Андрей поймал себя на том, что ищет предлог, чтобы встать и уйти. В его чувстве не было ничего неприязненного, лишь привкус досады. Вряд ли стоило распространяться о митинге с кочегарами, да еще с таким пылом.

В тот же день Тарасов, приехав в Управление, пожаловался Виктору на Лобанова. Кто дал право этому тра-та-та хозяйничать на станции? Директор я или не директор? Тарасов бушевал, грозился пойти к главному инженеру.

Виктор прищурился:

— Брось. Ты не прав. Скажи мне спасибо, что Лобанов не пошел к главному. Автоматику, мой милый, надо внедрять. Тебе всыпали бы по первое число. А так можешь написать в отчете — автоматика внедрена. И получишь благодарность.

Некоторое время Виктор еще пытался соблюдать обязанности опекуна по отношению к Андрею. Он убеждал его заниматься своим локатором и оставить в покое станции.

Андрей твердил:

— Я не могу быть невеждой, я обнаружил, что многому недоучился.
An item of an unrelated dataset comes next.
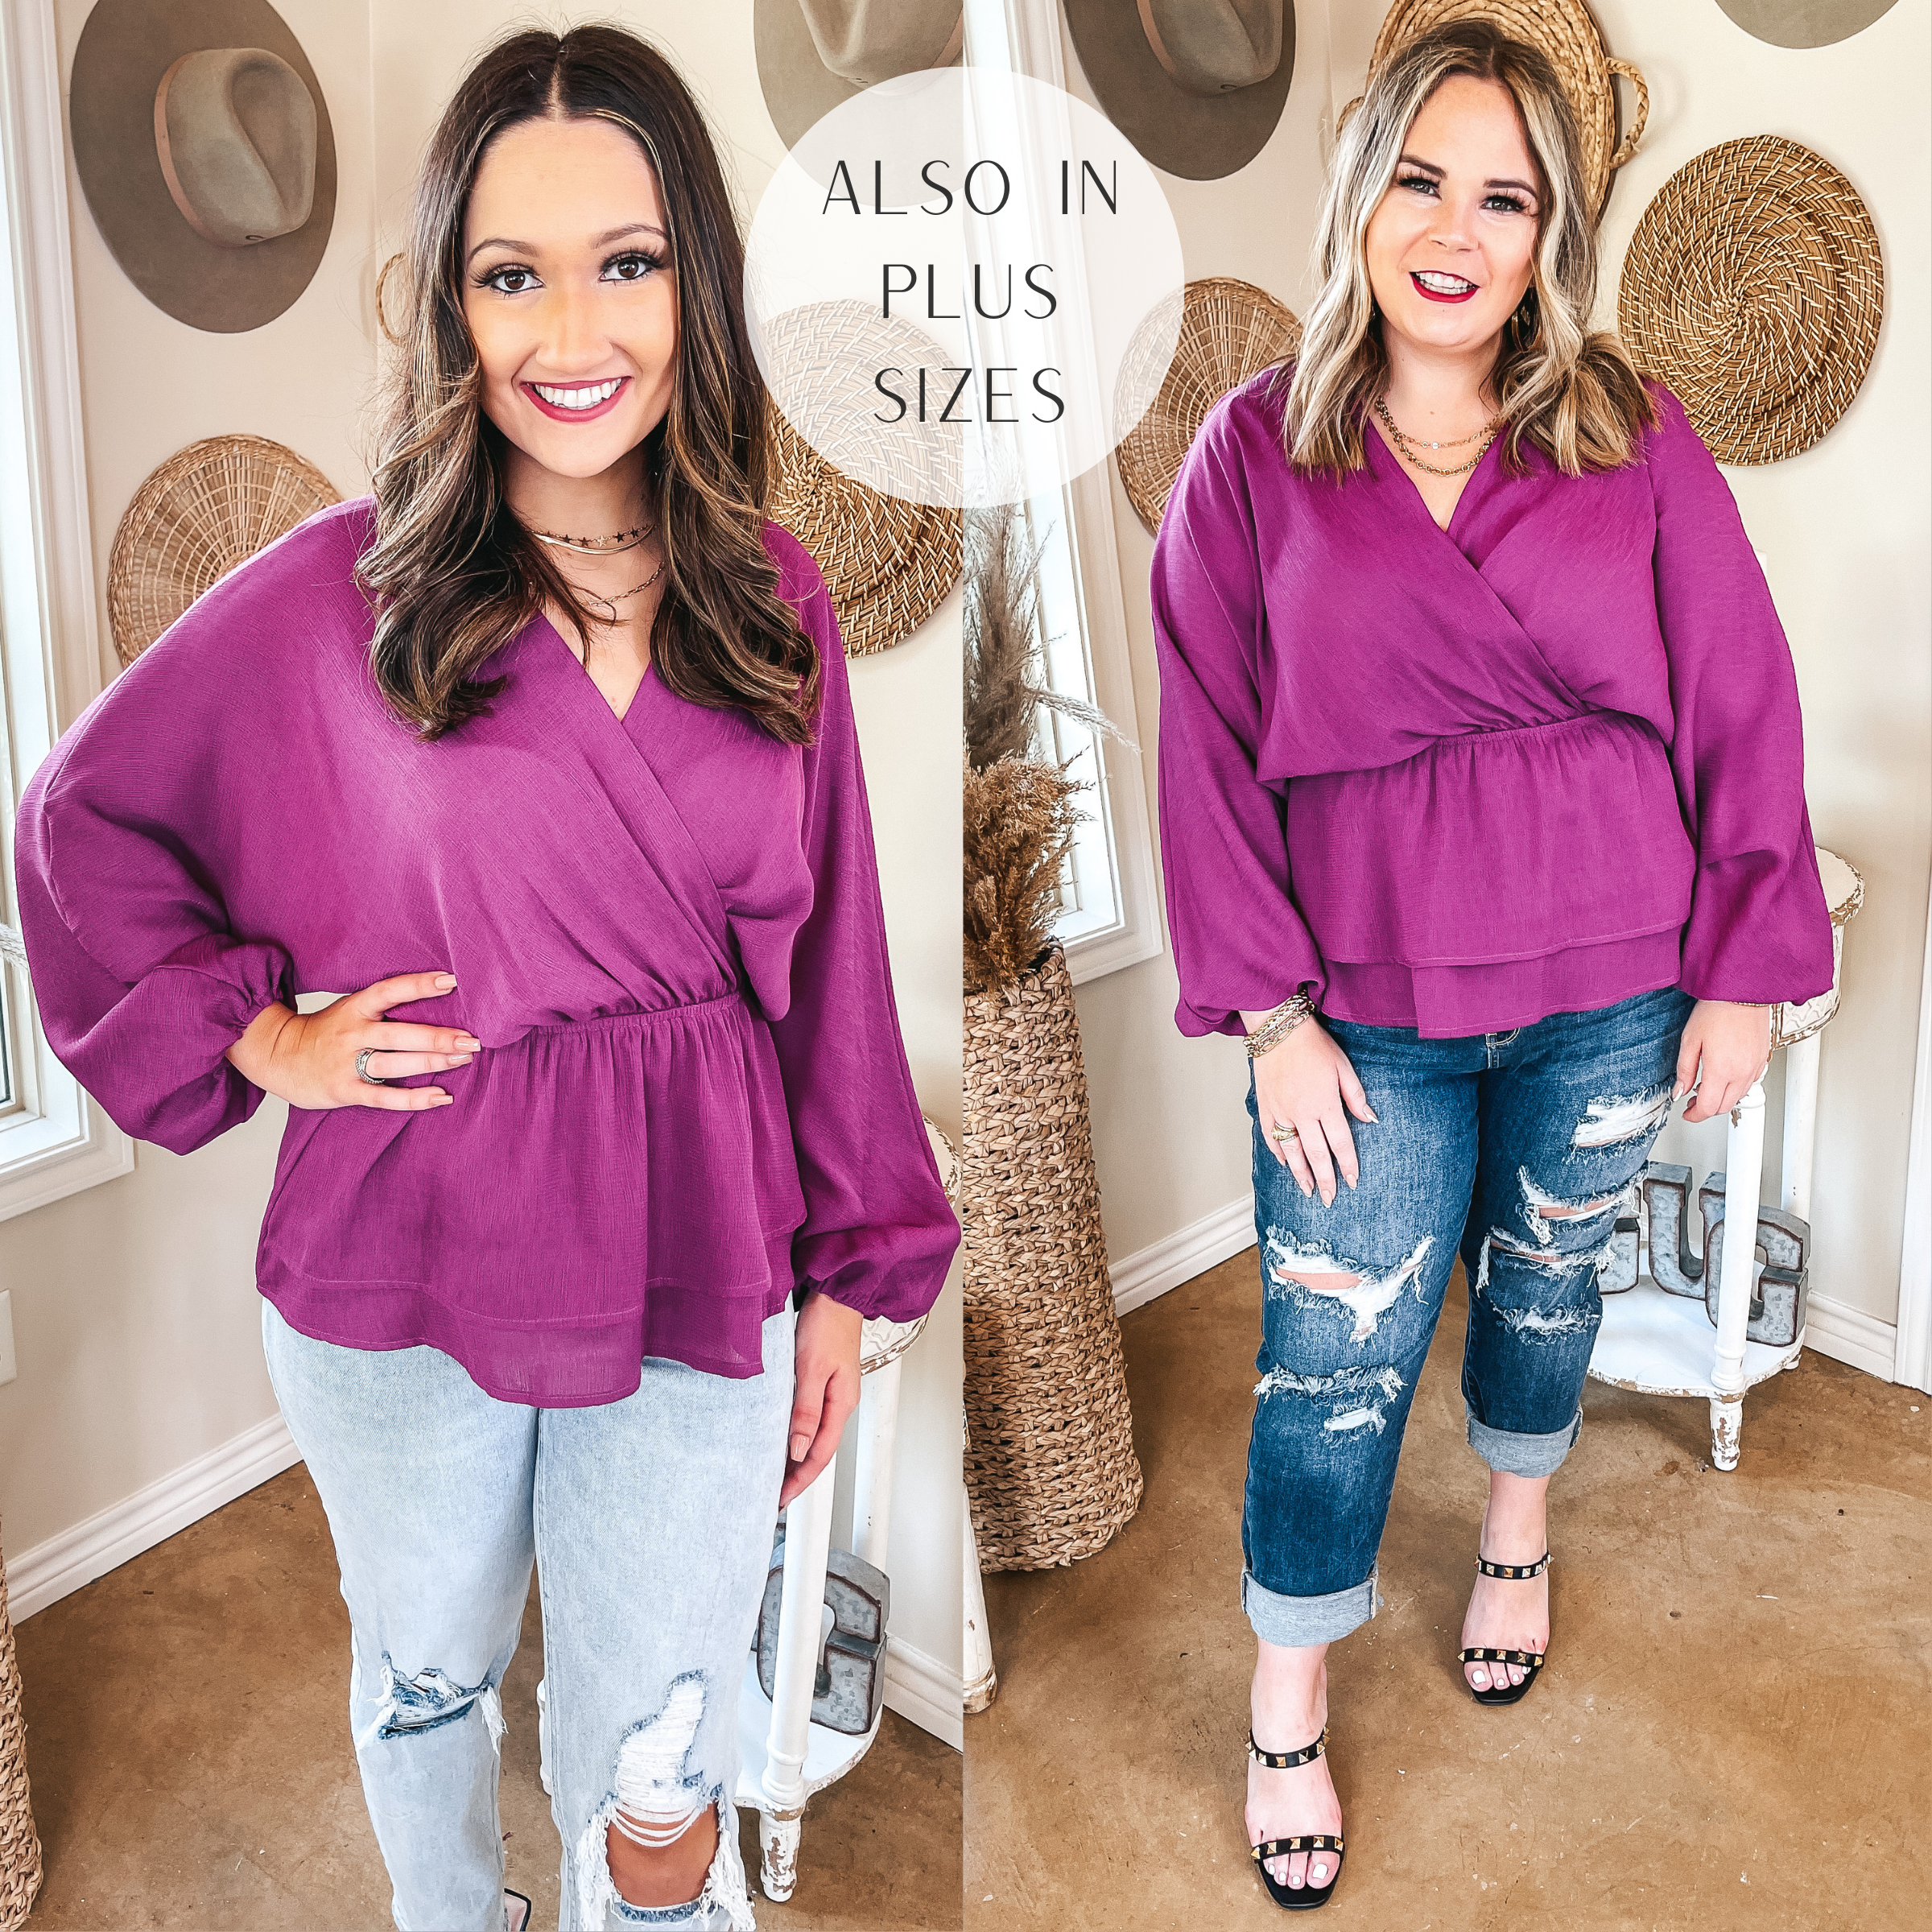 Two models are both wearing a magenta wrap long sleeve top. The model on the left is also wearing light wash ripped jeans and layered necklaces. The plus size model on the right is wearing the magenta blouse with medium wash ripped jeans, layered necklaces, and black studded strappy heels. 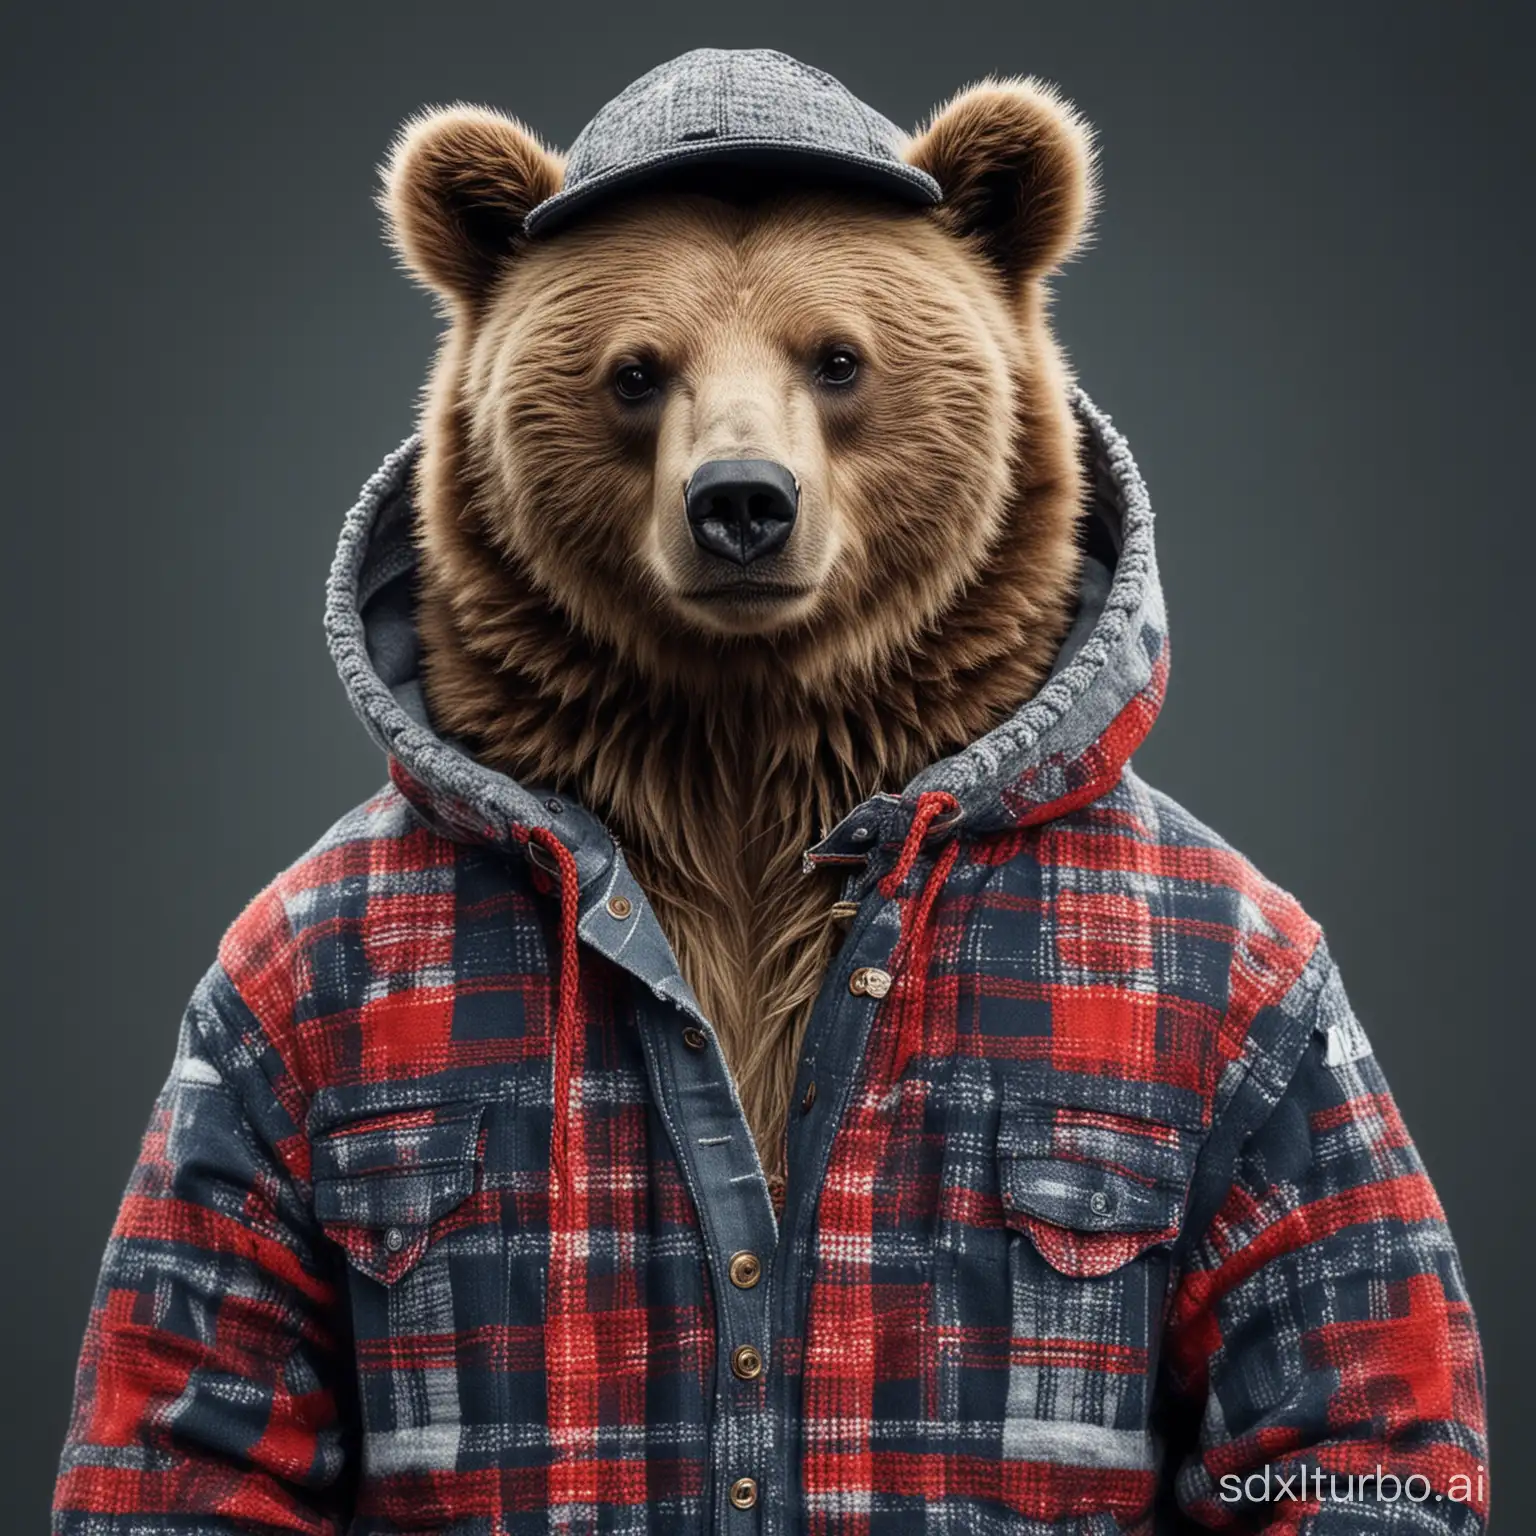 A bear wearing cool clothes

Пока я корпел над диссертацией, техника ушла далеко вперед. Я должен изучить производство.

— Если бы ты изучал. Беда в том, что ты лезешь не в свои дела.

Оба они делали теперь над собой усилие, чтобы сохранить прежний дружеский тон. Это удавалось им все хуже. При встречах они испытывали принужденность. Андрей старался преодолеть это необычное для него чувство и никак не мог.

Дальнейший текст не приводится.